# Advice on how to route juice grooves



## firewire (Aug 30, 2010)

I am going to be making another end grain cutting board. While I have gotten very proficient at making the board itself I have never routed any juice grooves. I am making this board for a friend and they requested that I add a juice groove to one side of the board.

The plan is to slightly round the corners and just take the sharp edges off. There will be no round overs or hand grooves. She wants metal handles so I will add those on after the board is complete.

My problem is I do not know how I can route juice grooves around the routed corners. If I routed the grooves while the board was still rectangular they would look odd because the corners would be rounded after the fact.

Does anyone have any advice on how I can route the grooves? Any help would be greatly appreciated.


----------



## runswithscissors (Nov 8, 2012)

I would suggest a template and template bushing on the router. Haven't thought of how to hold the template on w/o using fastenings, though. Oh, maybe hot glue? Or, fasten 1X2s on edge on the underside of the template so it can be clamped to the c-board. Could go on all 4 sides so it couldn't shift. Make it a snug (not tight) fit.


----------



## firewire (Aug 30, 2010)

Good advice, Do they make bearing based round core bits?
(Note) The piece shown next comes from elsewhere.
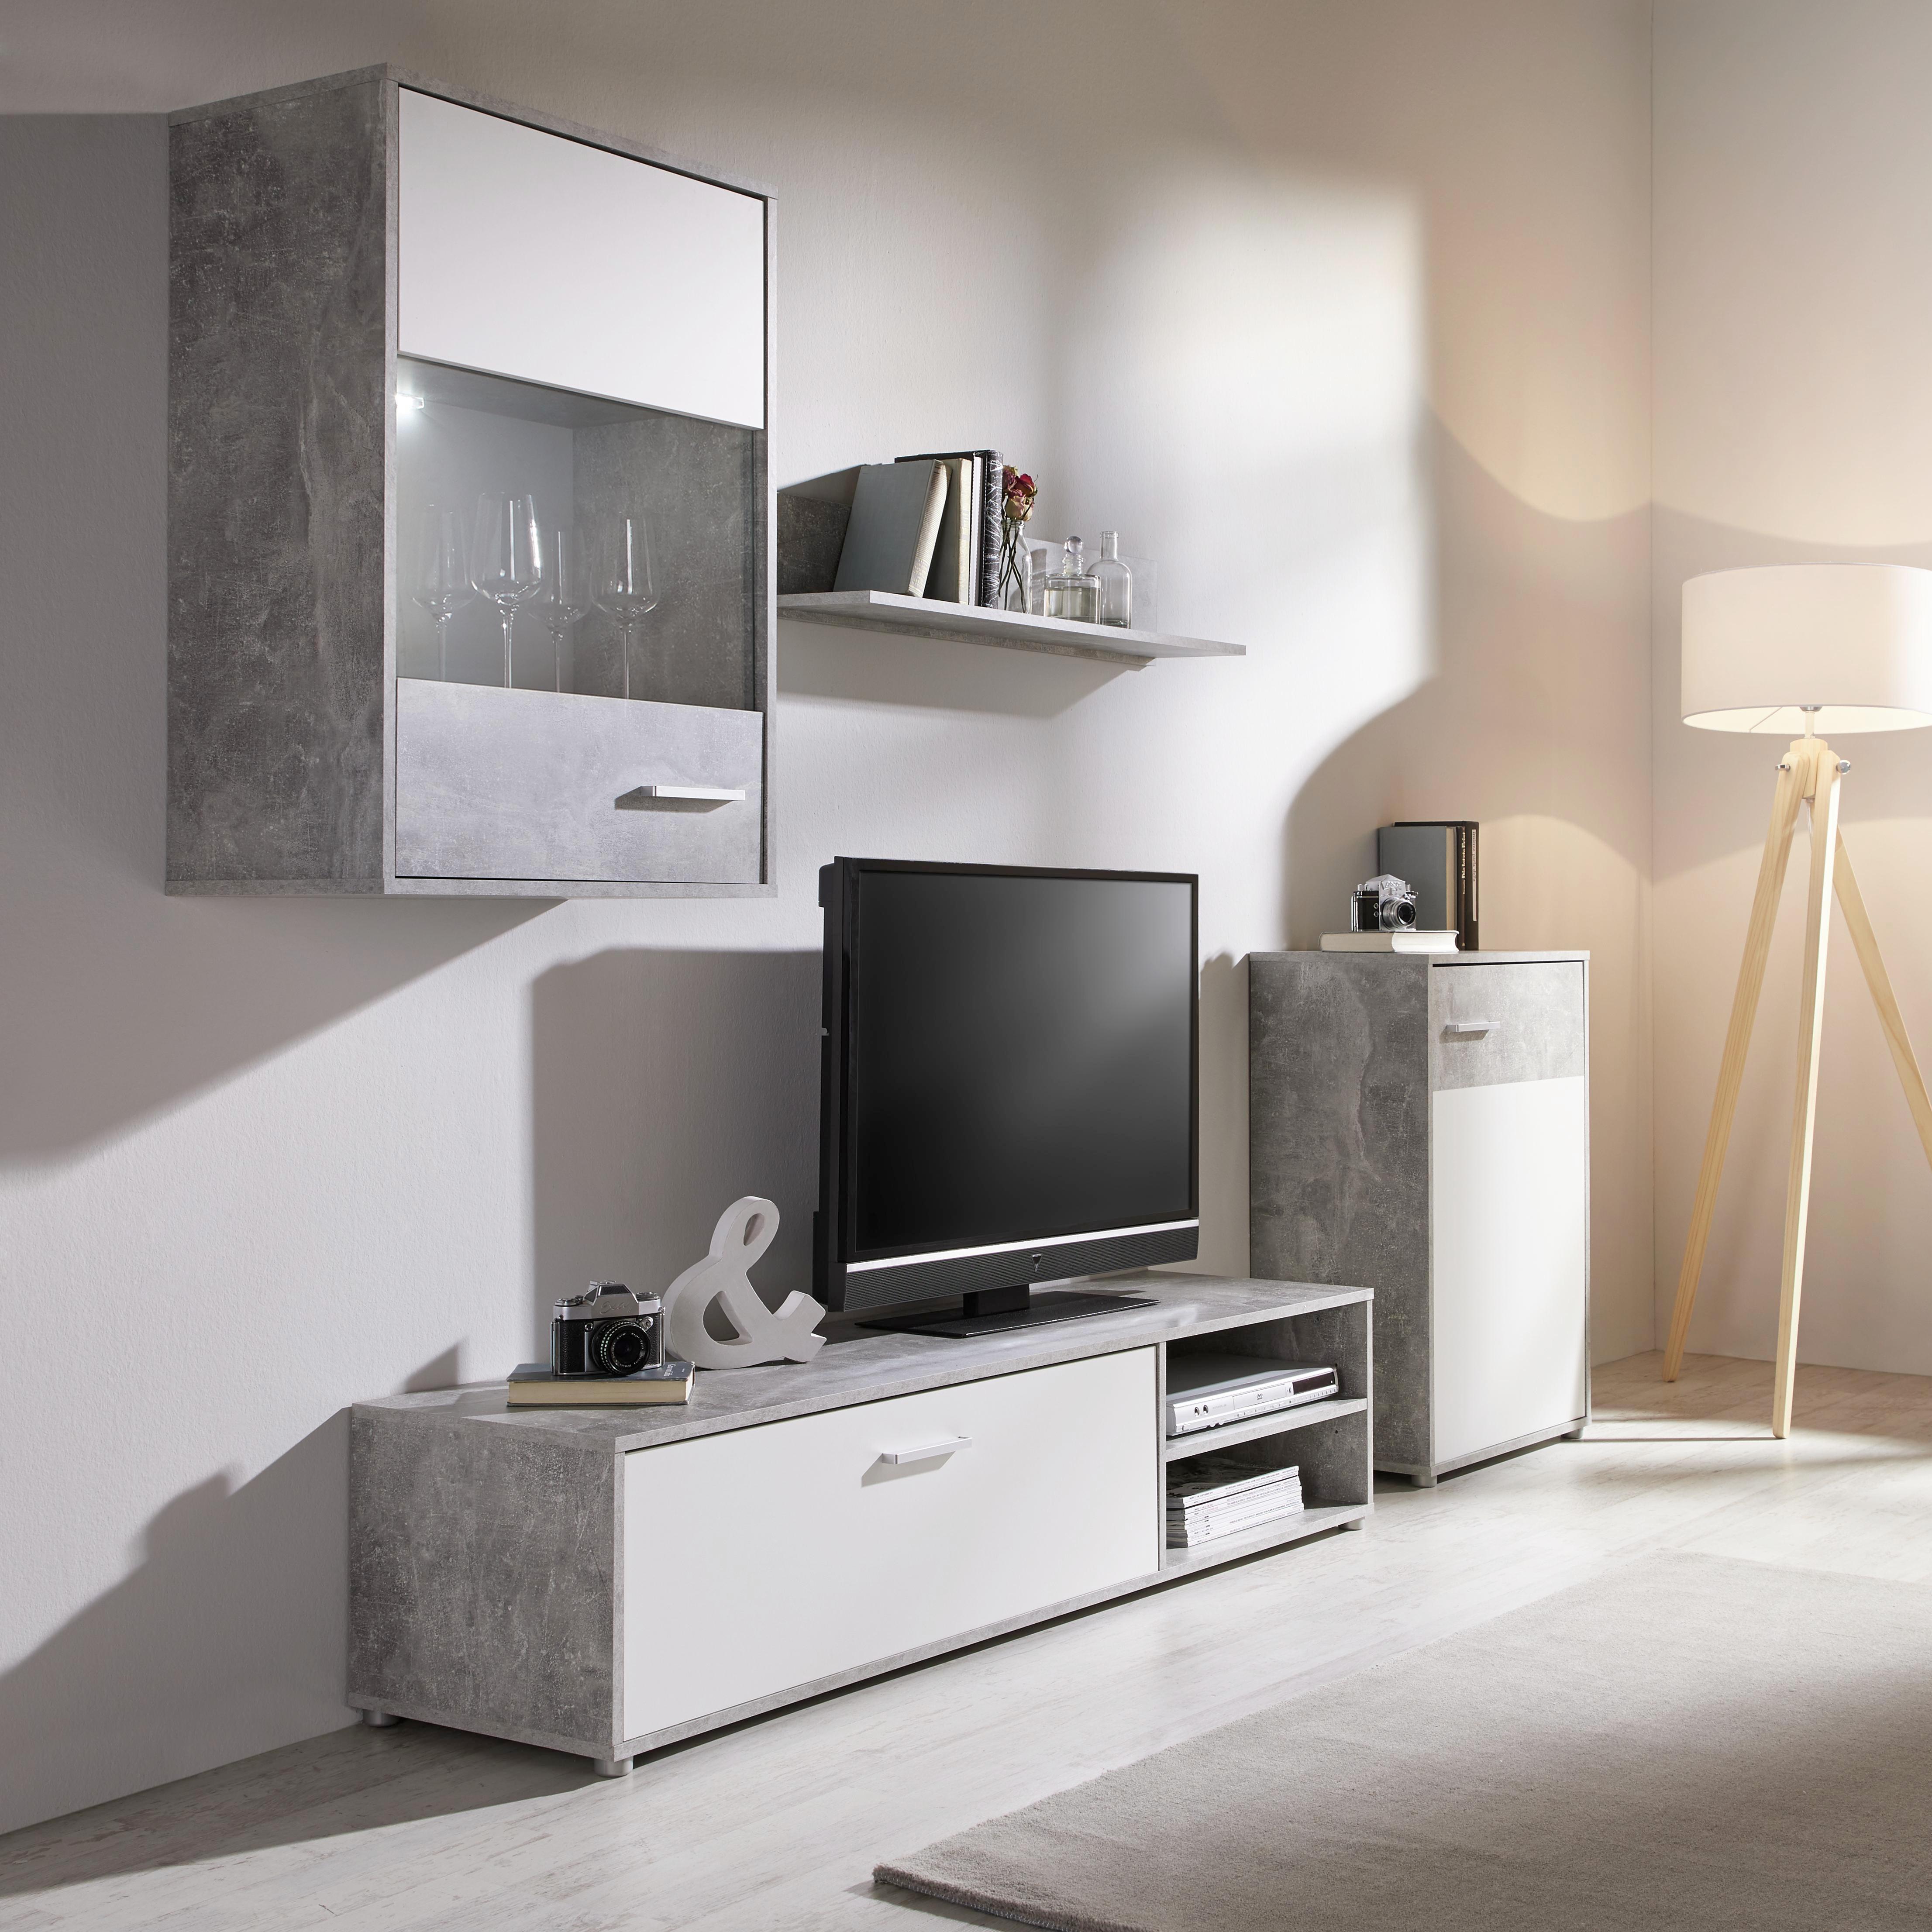 xora mbel hersteller fabulous xora mbel hersteller xora m bel f r ein exklusives with xora mbel. Black Bedroom Furniture Sets. Home Design Ideas

This is also a one off so I'm not sure about spending the time to make a template. My boards tend to vary in size so I haven't bothered with anything like that yet.


----------



## waho6o9 (May 6, 2011)

If I understand correctly. HTH


----------



## firewire (Aug 30, 2010)

waho6o9 - that is a good option but what do I do about the rounded corners? I would think visually it will look better to have the groove go with the flow of the outer edge.


----------



## waho6o9 (May 6, 2011)

Ah, make a radius instead of a 90 degree corner.

Got it. 
http://www.woodpeck.com/radiusquickjig.html

Pick one to match your cutting board. Than make a template and use double sided
tape to hold it in place and take light passes.


----------



## msmith1199 (Oct 24, 2012)

I know this isn't going to help much, but if you check my project list I did those juice grooves with a CNC. Since you just want to do one, maybe you can find somebody close with a CNC that can do it for you.
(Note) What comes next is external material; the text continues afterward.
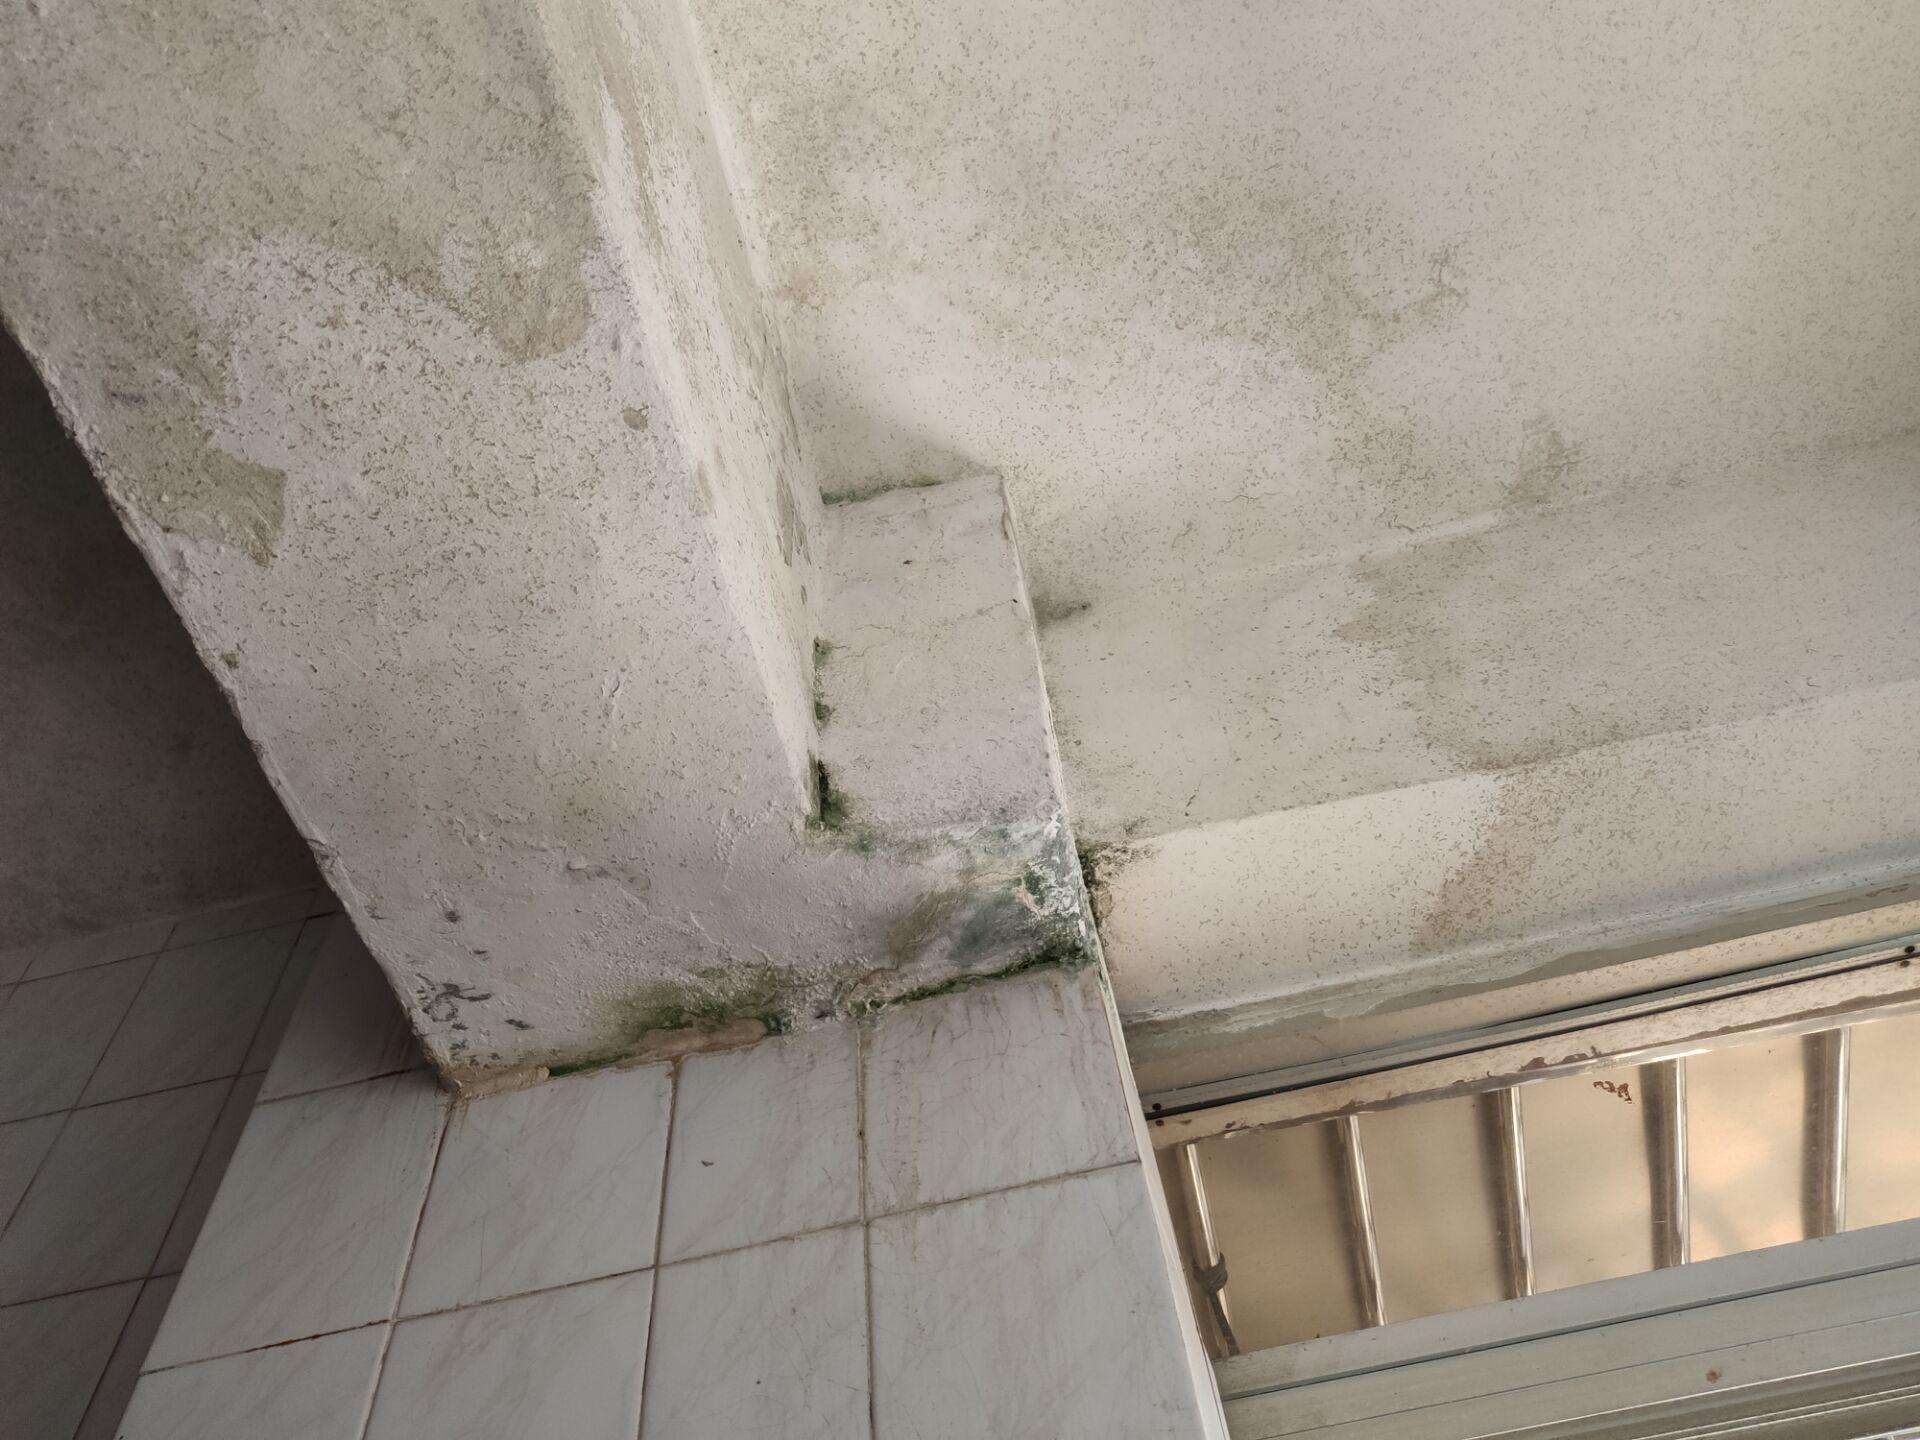 房屋漏水严重 邻居多次协商未解决

Also if you do make a jig for a router, you should just be able to clamp it to the cutting board. Clamp it at one end first and rout the other end. Then put a set of clamps on the other end and then remove the first set and rout that side of the cutting board. Just make sure the jig doesn't move. Maybe some double side tape to hold it in place. And for the record, I've never done it that way, but if I need to that's how I would do it.


----------



## firewire (Aug 30, 2010)

I wish that I had a CNC. Unfortunately it isn't an option at this point in time. Any lumberjocks in the greater Boston MA area have one that could help me out?


----------



## a1Jim (Aug 9, 2008)

I second plan B of mark Smith's Idea. A templet is not that hard to mark ,you cut it to size on the table saw and then round the corners game over.


----------



## dlmckirdy (Oct 27, 2009)

I have done one it with a template just as Mark suggests. I used this bit: http://www.mlcswoodworking.com/shopsite_sc/store/html/smarthtml/pages/bt_sign.html.


----------



## firewire (Aug 30, 2010)

Thank you for the advice. I think that the template suggestion makes the most sense. What size radius is normal for the groove? Is 3/4 too big or should I stick with 1/2?


----------



## rance (Sep 30, 2009)

What runswithscissors said. And use double-sided tape to hold it in place. Easy peasy.


----------



## C_PLUS_Woodworker (Jun 10, 2010)

++ on the mdf template and double-sided tape


----------



## runswithscissors (Nov 8, 2012)

Grizzly has a 1/2" diam. core box bit with a top mounted bearing. C1561 , $10.95


----------



## firewire (Aug 30, 2010)

Thank you all for the advice. I went to woodcraft yesterday and picked up a 3/4" round nose bit and a 1" bushing. I think this should do the trick.


----------



## JNP (May 6, 2011)

I was planning on putting a groove in one today. I haven't done this before but assumed I'd use the router table w/stops. Is there a reason I should go with templates/guides instead?


----------



## firewire (Aug 30, 2010)

JNP I need to use a template because I want to round the corners to go with the board. If they where square then the router table would probably be the best approach.


----------



## JNP (May 6, 2011)

Got it. Thank you! I have square corners so I'm good w/the table.


----------